Reputation: 51
I am learning Machine learning and I am having this doubt. Can anyone tell me what is the difference between:-
from sklearn.model_selection import cross_val_score
and
from sklearn.model_selection import KFold
I think both are used for k fold cross validation, but I am not sure why to use two different code for same function. If there is something I am missing please do let me know. ( If possible please explain difference between these two methods)
Thanks,
Upvotes: 4
Views: 6436
Reputation: 1
cross_val_score evaluates the score using cross validation by randomly splitting the training sets into distinct subsets called folds, then it trains and evaluated the model on the folds, picking a different fold for evaluation every time and training on the other folds.
cv_score = cross_val_score(model, data, target, scoring, cv)
KFold procedure divides a limited dataset into k non-overlapping folds. Each of the k folds is given an opportunity to be used as a held-back test set, whilst all other folds collectively are used as a training dataset. A total of k models are fit and evaluated on the k hold-out test sets and the mean performance is reported.
cv = KFold(n_splits=10, random_state=1, shuffle=True)
cv_score = cross_val_score(model, data, target, scoring, cv=cv)

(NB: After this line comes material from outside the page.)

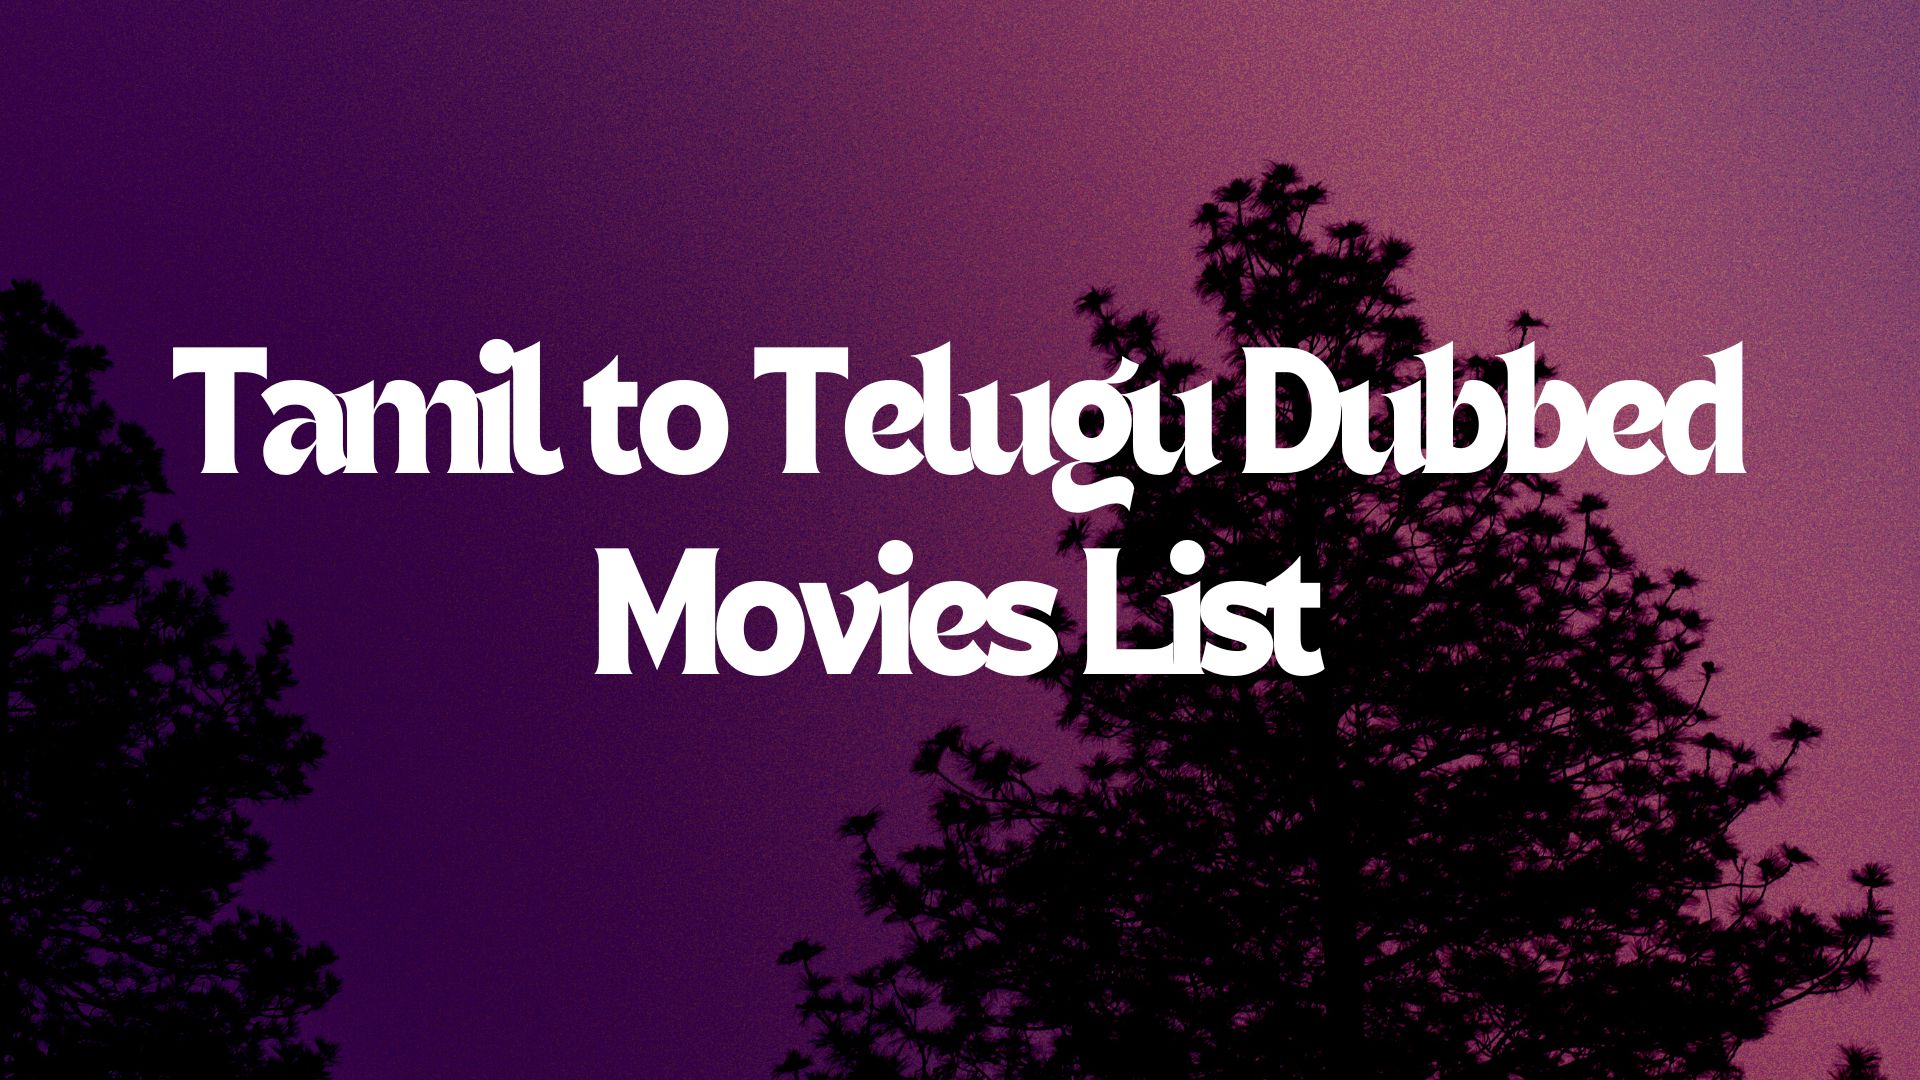 Tamil to Telugu Dubbed Movies List
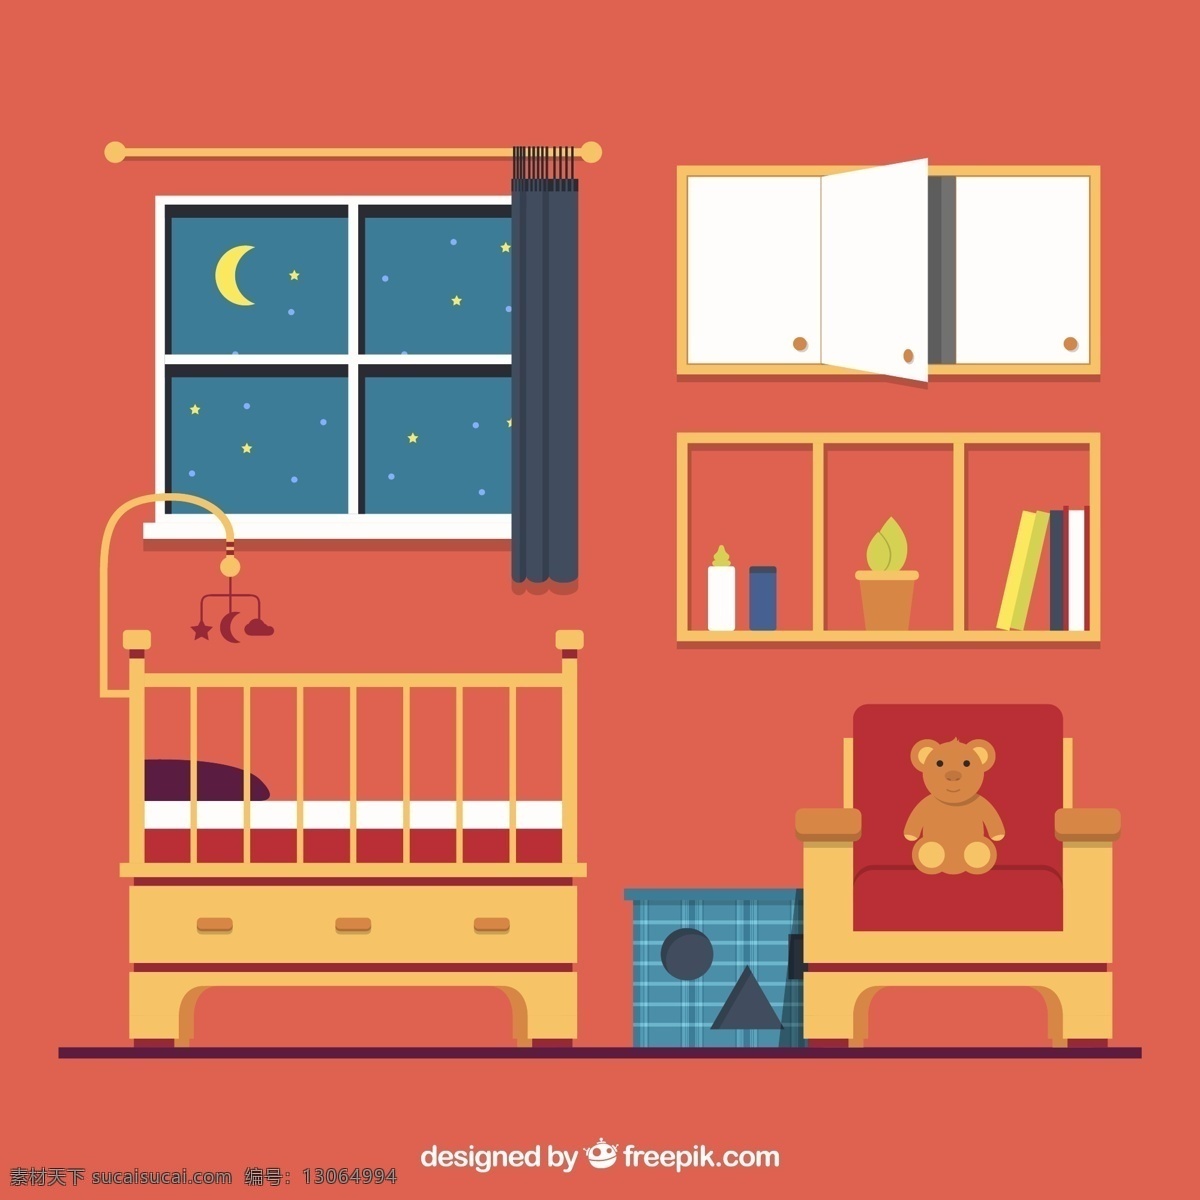 夜晚的婴儿房 夜晚 婴儿房 窗户 星星 月亮 窗帘 书架 婴儿床 生活用品 生活百科

where model is your model on which you want to evaluate, data is training data, target is target variable, scoring parameter controls what metric applied to the estimator applied and cv is the number of splits.
Upvotes: 0
Reputation: 4960
cross_val_score
is a function which evaluates a data and returns the score.
On the other hand, KFold
is a class, which lets you to split your data to K
folds.
So, these are completely different. Yo can make K fold of data and use it on cross validation like this:
# create a splitter object
kfold = KFold(n_splits = 10)
# define your model (any model)
model = XGBRegressor(**params)
# pass your model and KFold object to cross_val_score
# to fit and get the mse of each fold of data
cv_score = cross_val_score(model,
X, y,
cv=kfold,
scoring='neg_root_mean_squared_error')
print(cv_score.mean(), cv_score.std())
Upvotes: 3